A 5-minute reshaping on a diamond plate or low grit stone will correct/reshape the heel and move the heel corner forward of the stabilizer so the blade will lay flat on the stone.

View attachment 1338441

Aye, that does make sense. The wear far back on the shoulder was already there when I bought the razor (open box) and is in some part due to rubbing on the handle scales. The wear further down the stabiliser towards the edge is flaking gold plate rather than contact with the stone. The top of the stabiliser was entirely me. My technique is still pretty rough and as you mention it isn’t really possible to try get at the heel without riding the stabiliser. In terms of warping, sighting carefully down the cutting edge certainly does reveal a very slight U grind on the labeled side of the blade.

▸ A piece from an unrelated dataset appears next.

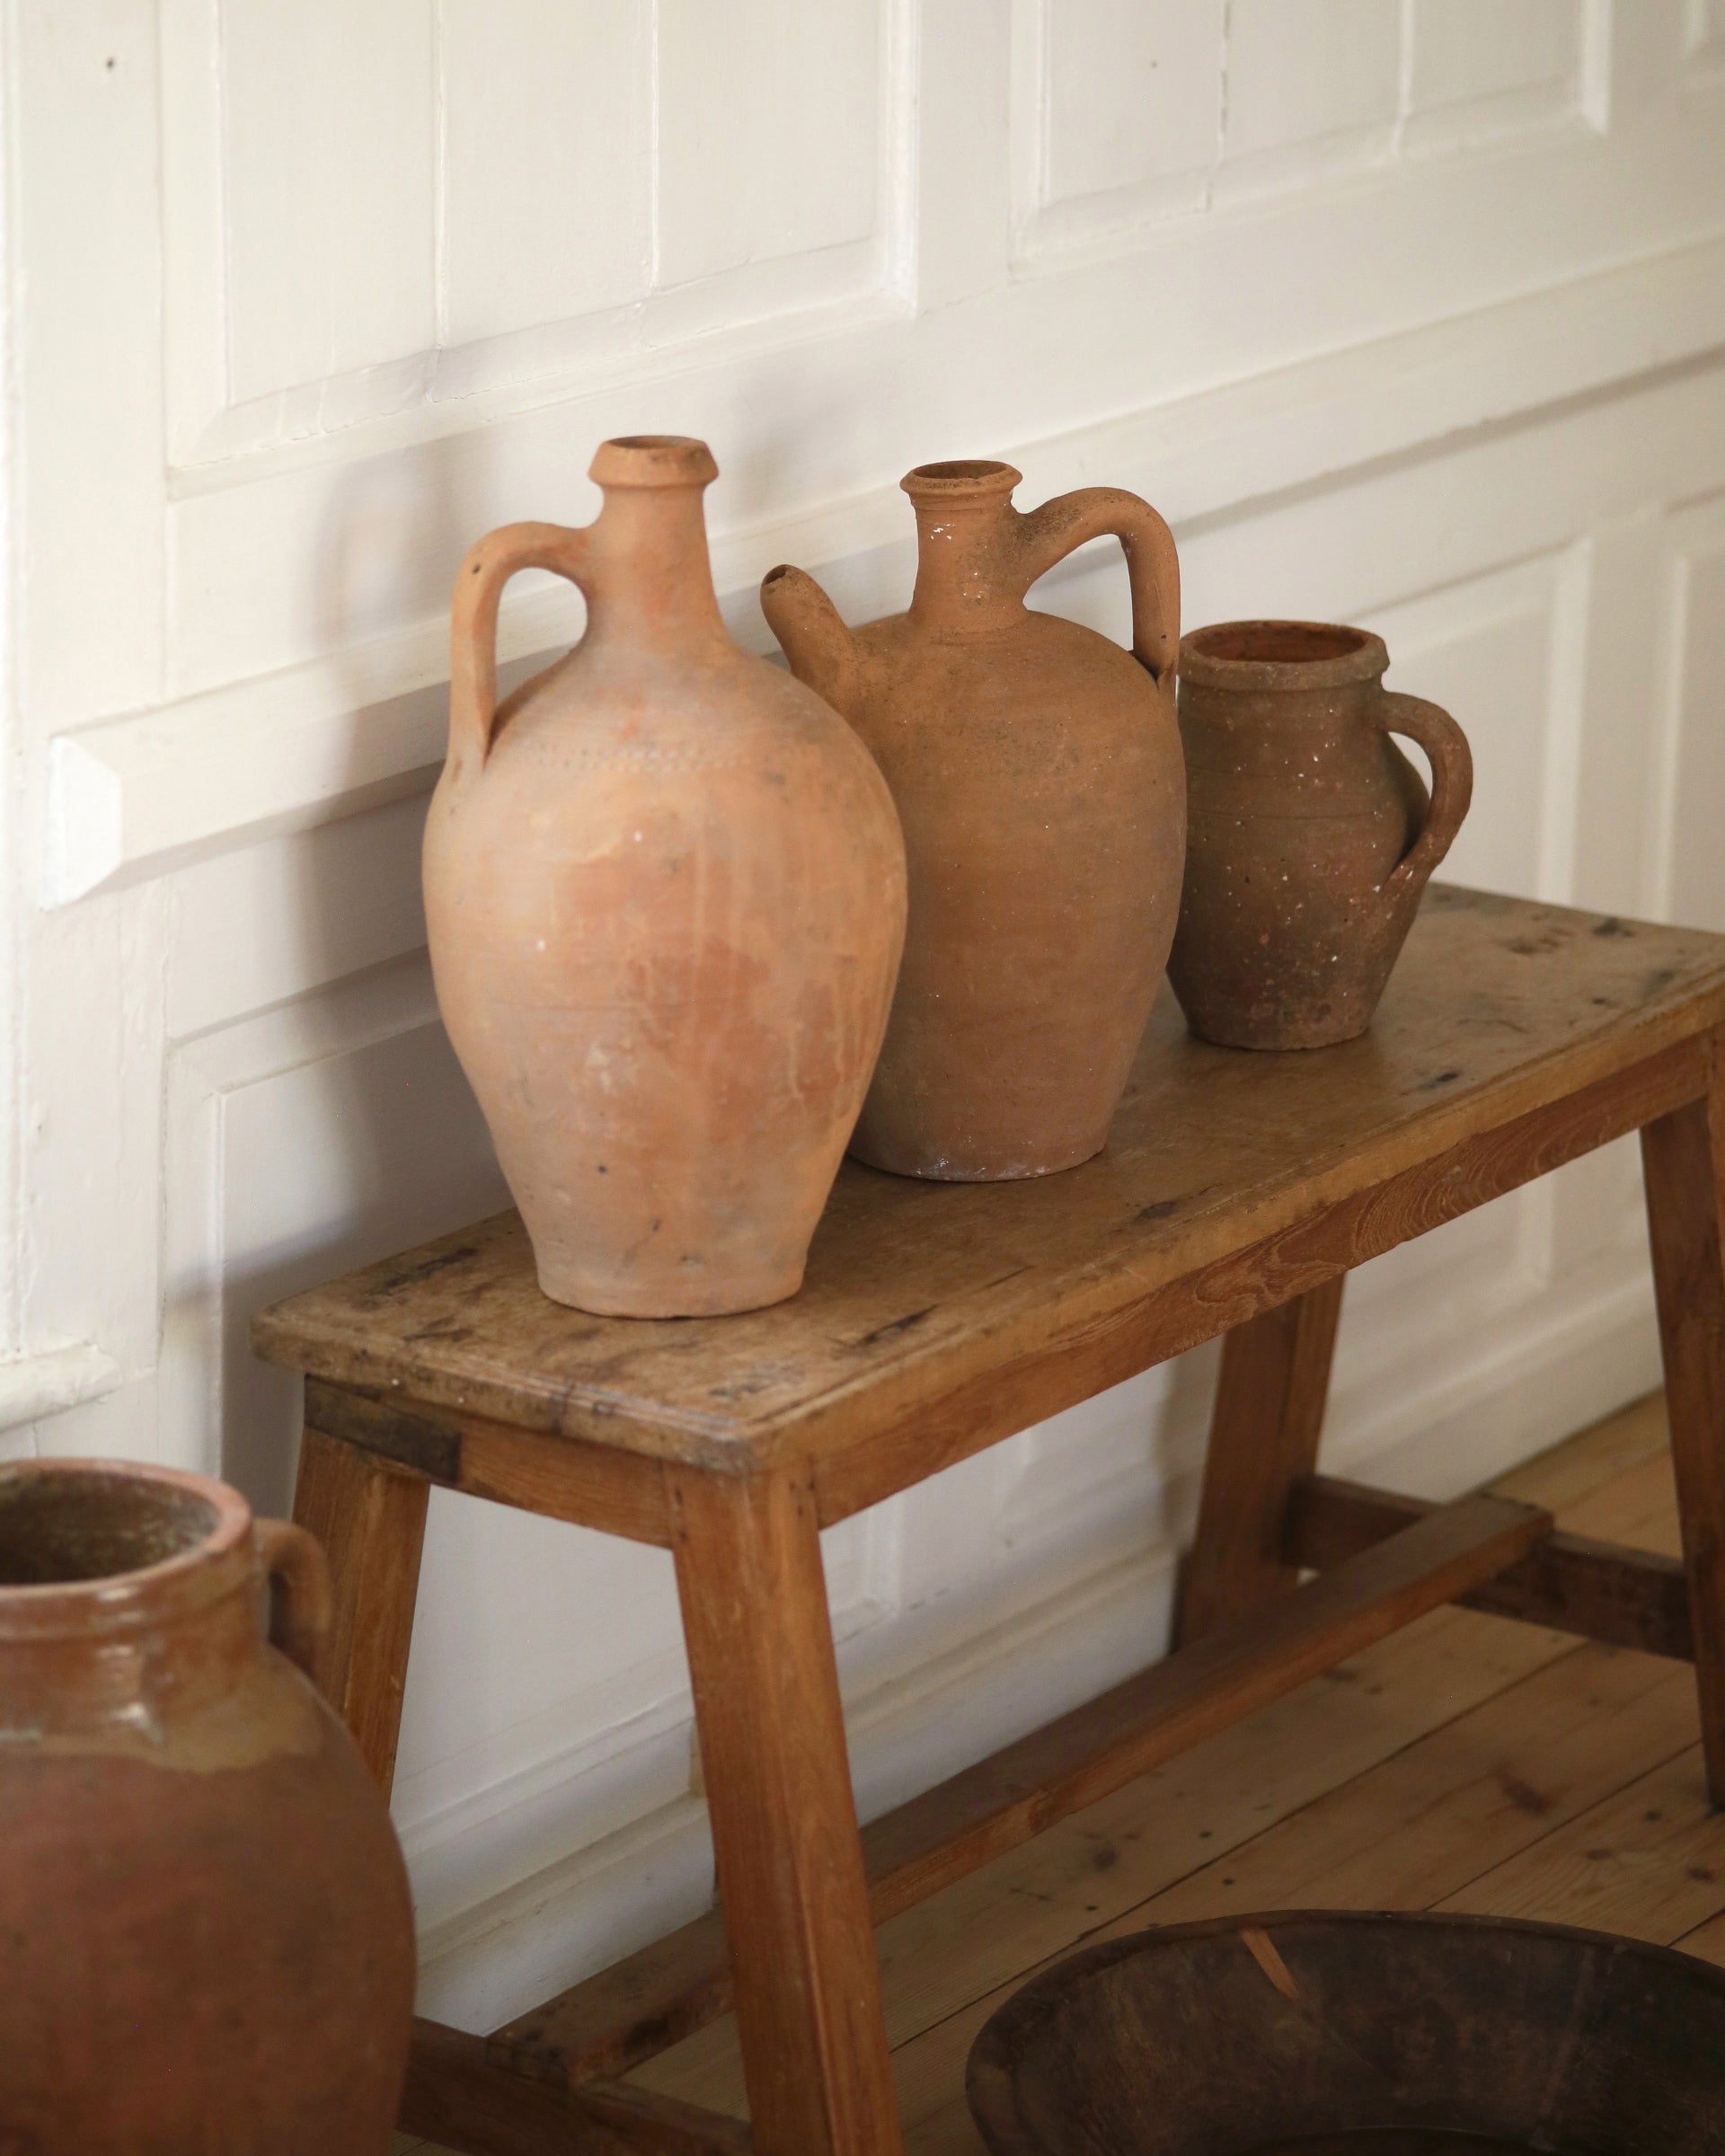 Terracotta homeware pitchers, pots and jugs

I do think the blade probably needs reasonably aggressive grinding. One of the reasons I am inclined to send it out is that I am currently separated from the great bulk of my stones (I am in COVID lockdown in Victoria, Aus) which are stored at my workplace. Without any rough diamond plates I’m not particularly enthused about removing a fair amount of hardened steel.

Besides, I’d rather learn to play surgeon with something a bit cheaper than this fella. I’ll let a real doctor take care of this one.